This week, we split up to delve further into the PathLinker paper according to our aims. I was assigned to research Yen’s k-shortest paths algorithm and present to the lab on Wednesday.
I’m now going to attempt to explain this algorithm–bear with me.
Some caveats: first, this is an algorithm for computing the k-shortest loopless paths from one node to another, and this algorithm only considers simple paths, where nodes may not be repeated.
To compute the k-shortest paths (where k is a user-defined parameter, say 10 or 4), we first find the shortest path (k=1) using some sort of algorithm, say Dijkstra’s.
Here’s our wonderful graph from Graphspace:
Start Node |
End Node |
Weight |
a |
b |
1 |
a |
c |
1 |
a |
e |
9 |
b |
e |
3 |
b |
c |
4 |
c |
e |
2 |
So, using our graph, let’s find the shortest path from a to e (P_1). Looking at the graph, we can see that it is a->c->e, with cost 4. Now what we do is loop through all paths using this first path as a guide, because intuitively, there might be some obvious edges that we use in many of the shortest paths.
Let’s call what we’re using from P_1 the root path, and call what we use when we diverge from it the spur path. To find P_2 (the 2nd shortest path), we must go through the graph differently this time to make sure we just don’t get the shortest path again.
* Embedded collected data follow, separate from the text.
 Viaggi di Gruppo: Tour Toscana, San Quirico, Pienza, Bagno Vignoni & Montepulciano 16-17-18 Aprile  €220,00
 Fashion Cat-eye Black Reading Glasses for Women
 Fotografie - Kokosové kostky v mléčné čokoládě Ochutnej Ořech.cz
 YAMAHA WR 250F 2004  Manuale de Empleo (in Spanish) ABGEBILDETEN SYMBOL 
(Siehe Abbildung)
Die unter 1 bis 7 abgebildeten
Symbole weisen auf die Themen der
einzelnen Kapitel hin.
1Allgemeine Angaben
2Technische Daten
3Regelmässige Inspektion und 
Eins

Because we’re using P_1 as a guide, let’s pretend that the edge from a->c has infinite cost, so that we can never take that edge.
The paths that result from the root path being (a) is then [a ->b->e (4), a->e(9), a->b->c->e(7)].
Then, we expand our root path to be a->c, and pretend that the edge c->e has infinite cost, so the next path is [a->c->b->e (8)].
We combine the two lists of potential paths and look at their costs. [a->b->e (4), a->e(9),a->b->c->e(7), a->c->b->e(8)]. a->b->e is the 2nd shortest path (P_2)!
Then, we can simply search through the rest of the list for the next shortest path (P_3,…,P_k).